BEGIN INPUT DATA
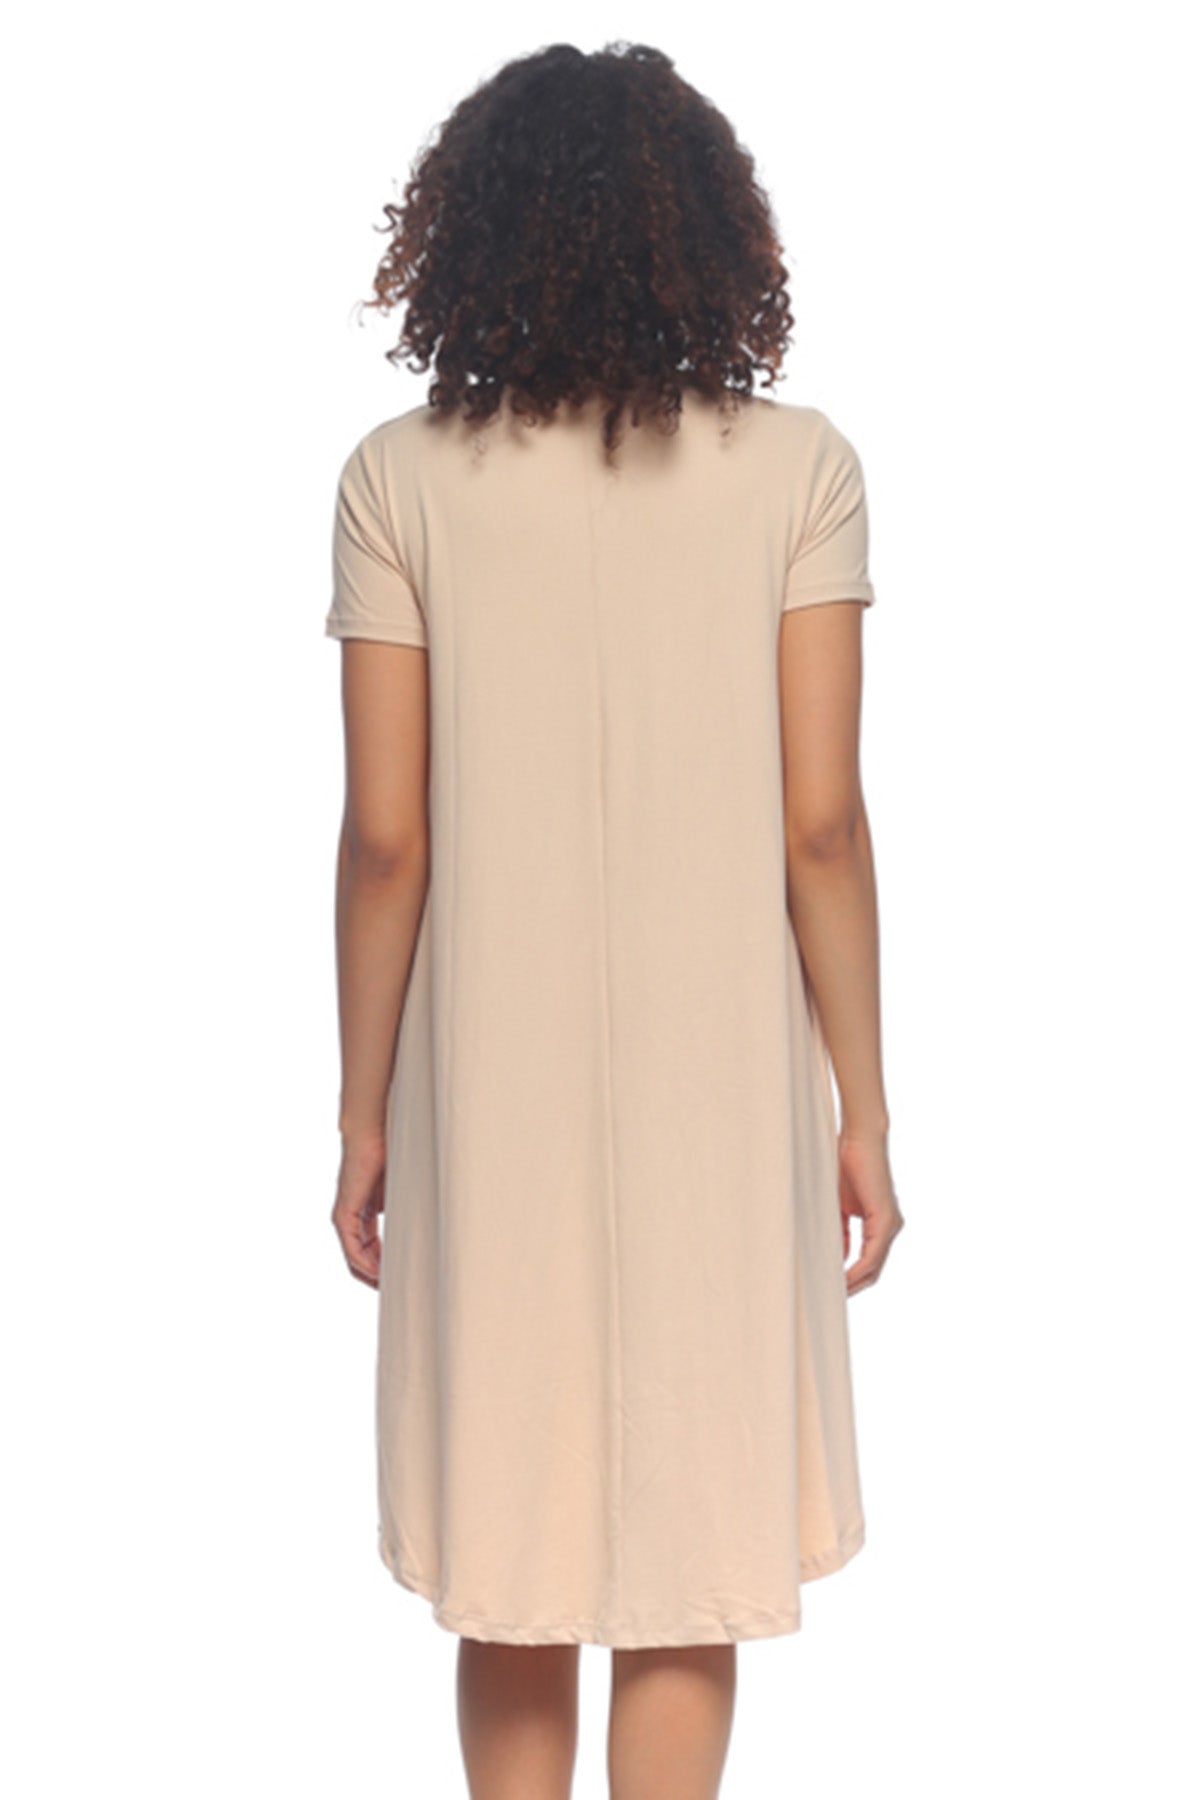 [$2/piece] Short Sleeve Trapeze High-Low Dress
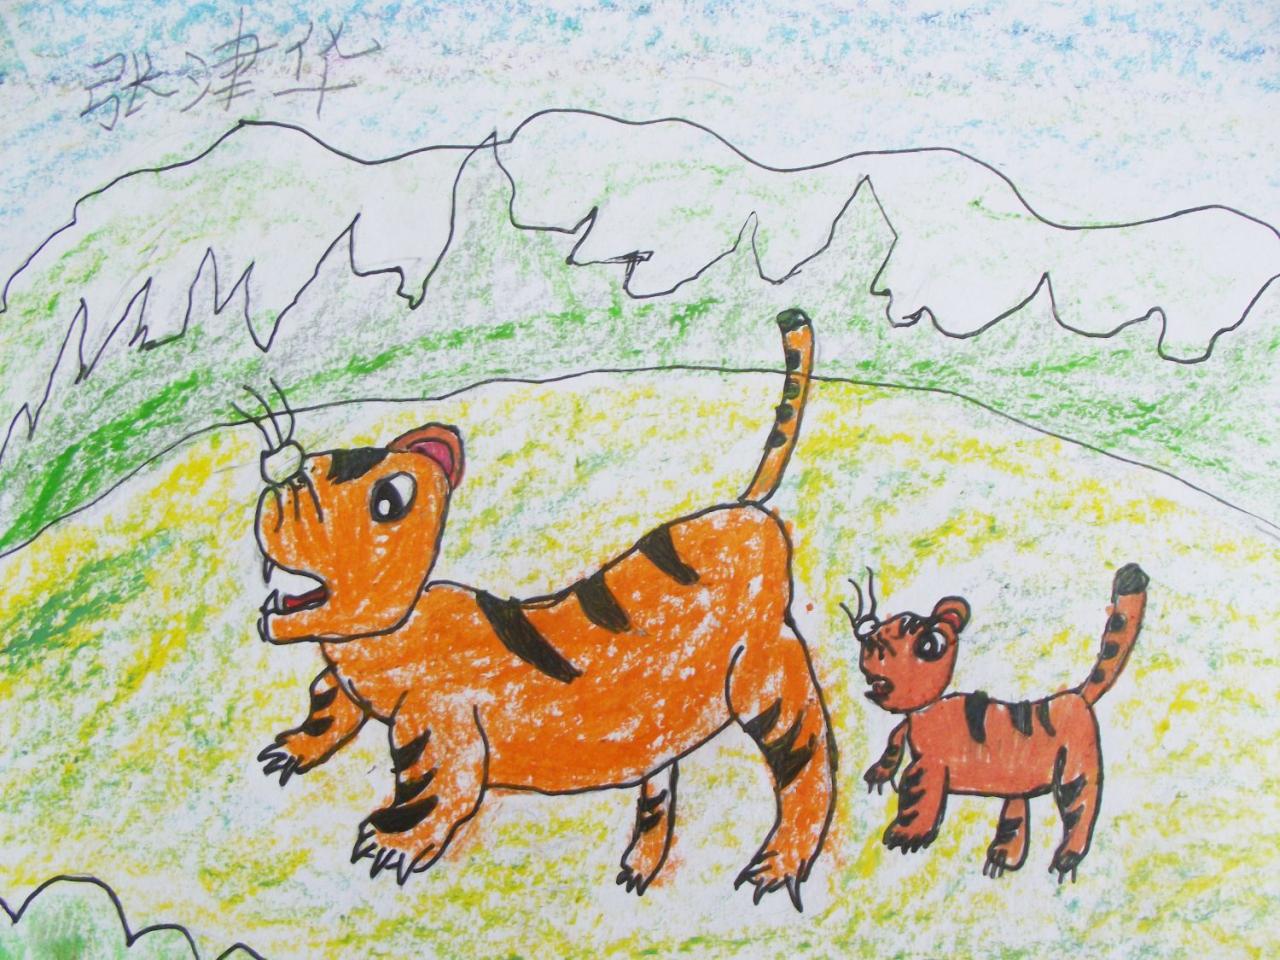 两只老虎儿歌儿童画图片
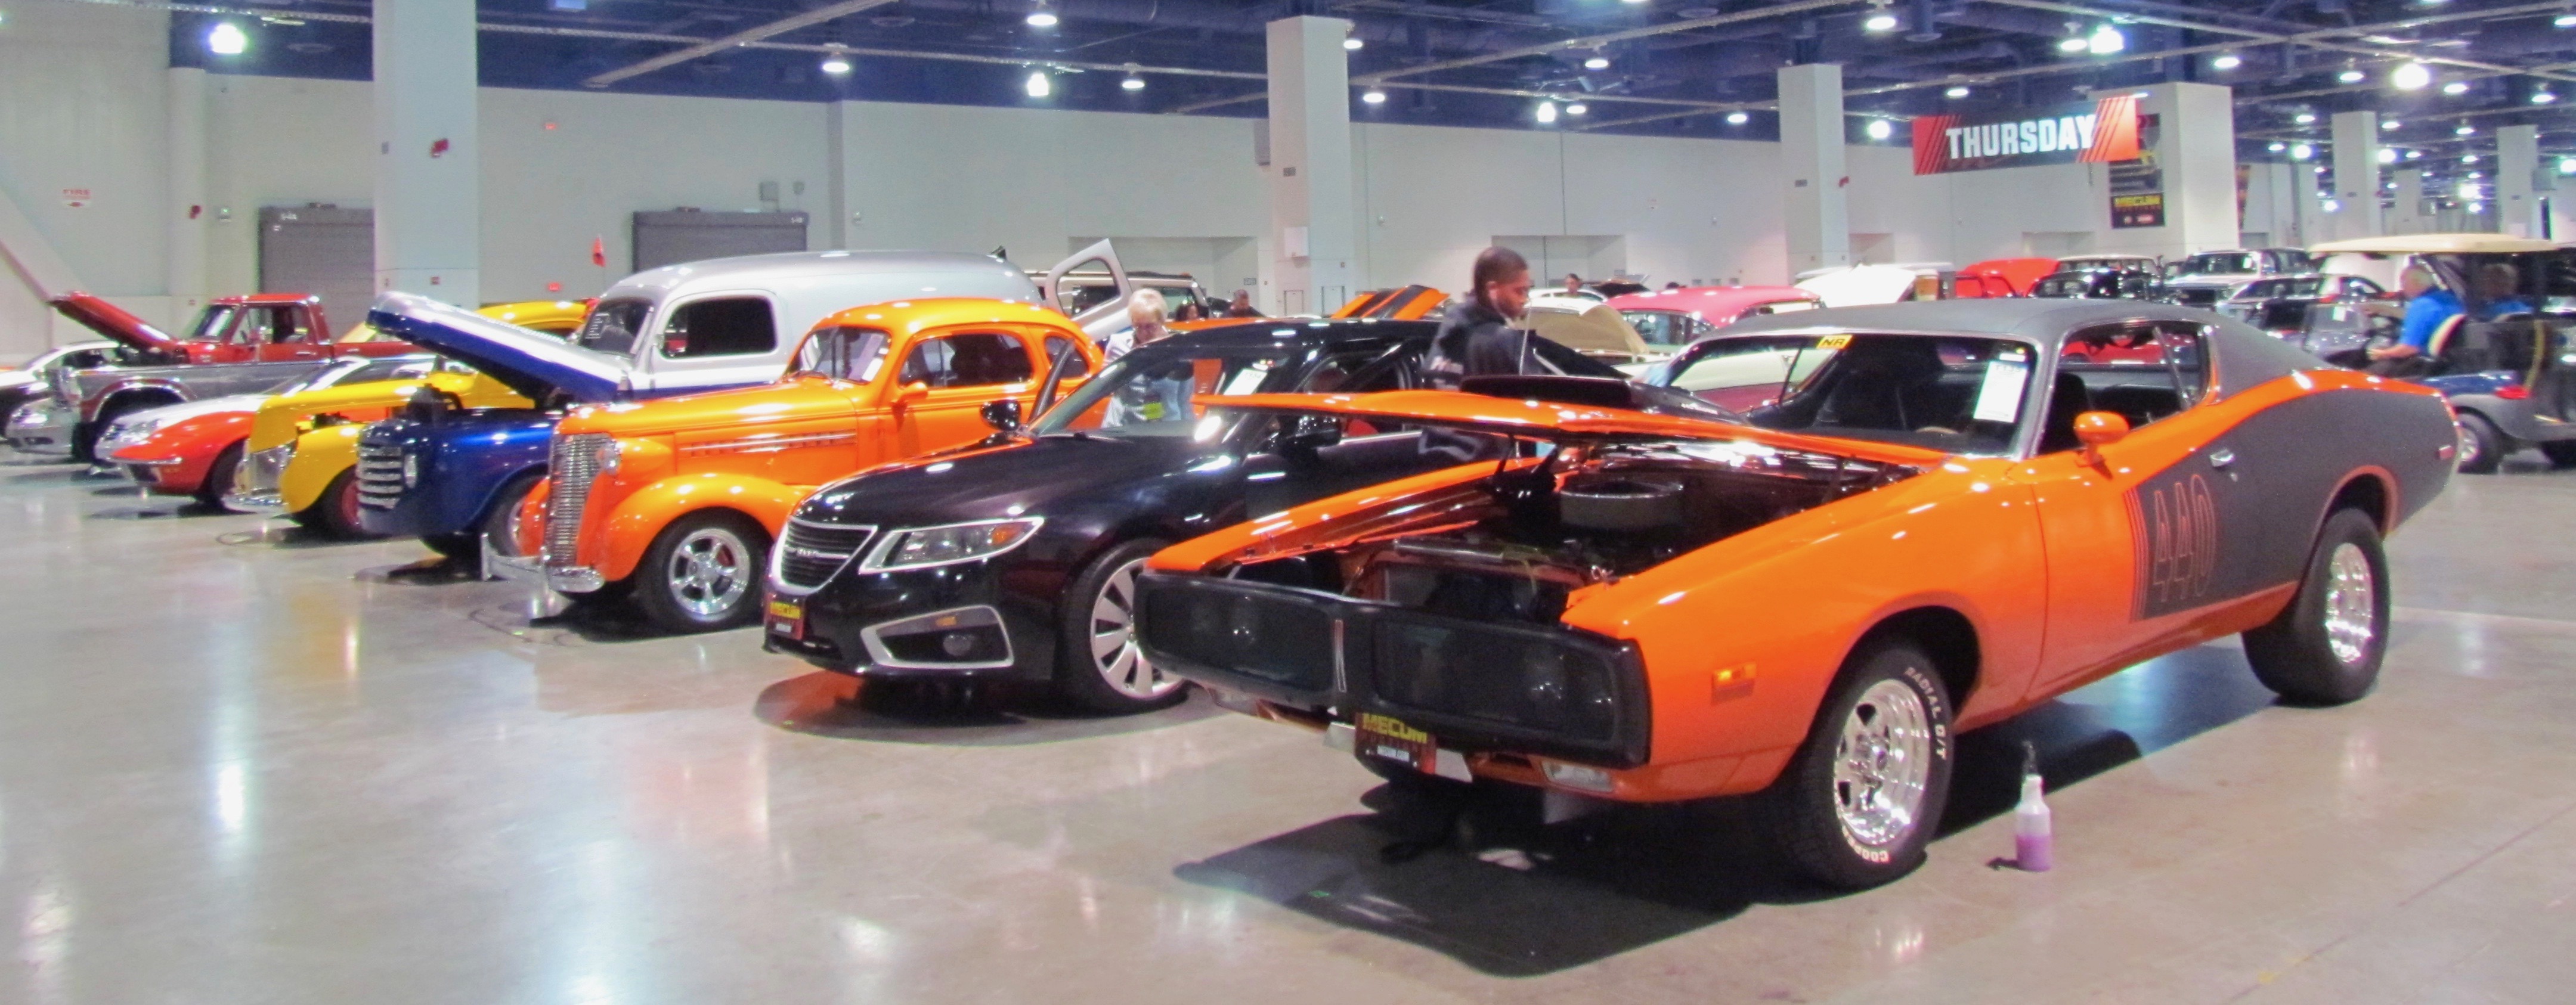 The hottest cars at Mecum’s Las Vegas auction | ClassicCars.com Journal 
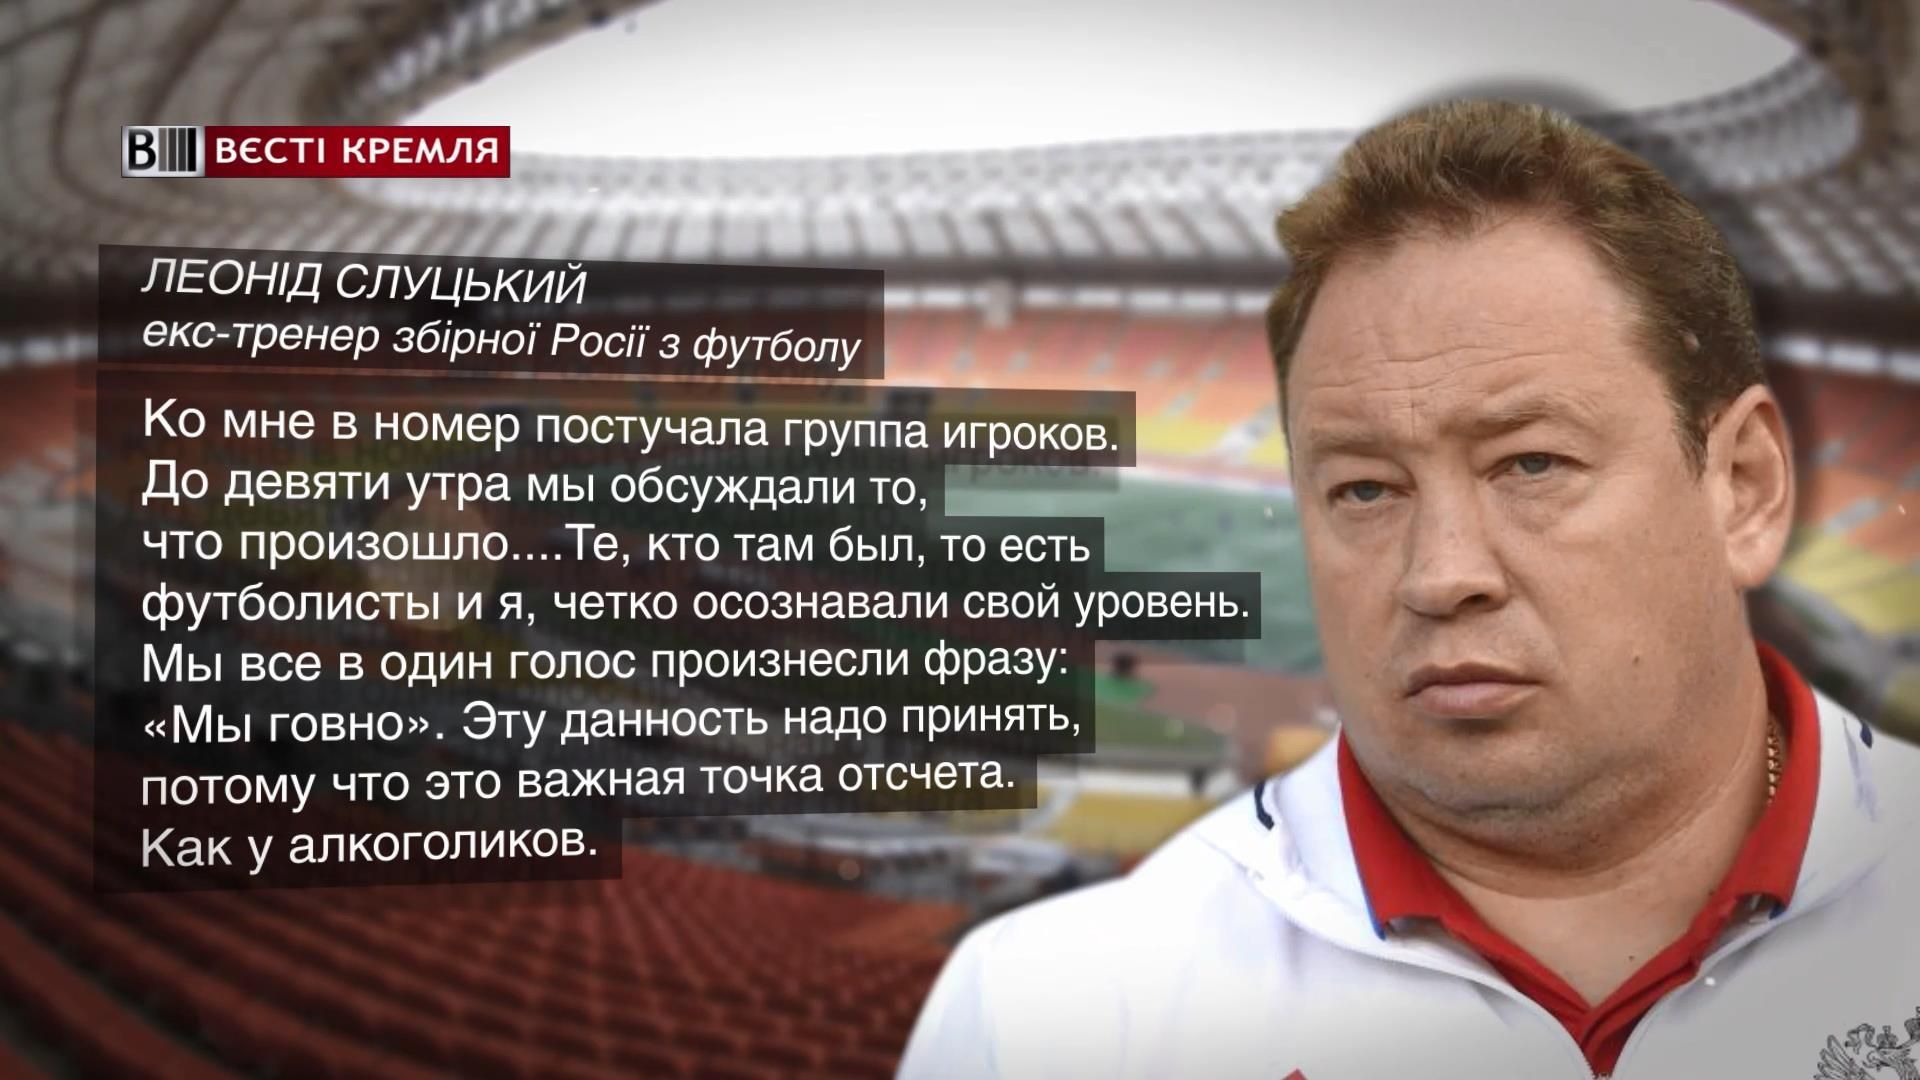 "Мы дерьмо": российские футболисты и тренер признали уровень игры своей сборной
END INPUT DATA
Word-for-word transcription: the whole listing, with images excluded.

 [$2/piece] Short Sleeve Trapeze High-Low Dress
 两只老虎儿歌儿童画图片
 The hottest cars at Mecum’s Las Vegas auction | ClassicCars.com Journal 
 "Мы дерьмо": российские футболисты и тренер признали уровень игры своей сборной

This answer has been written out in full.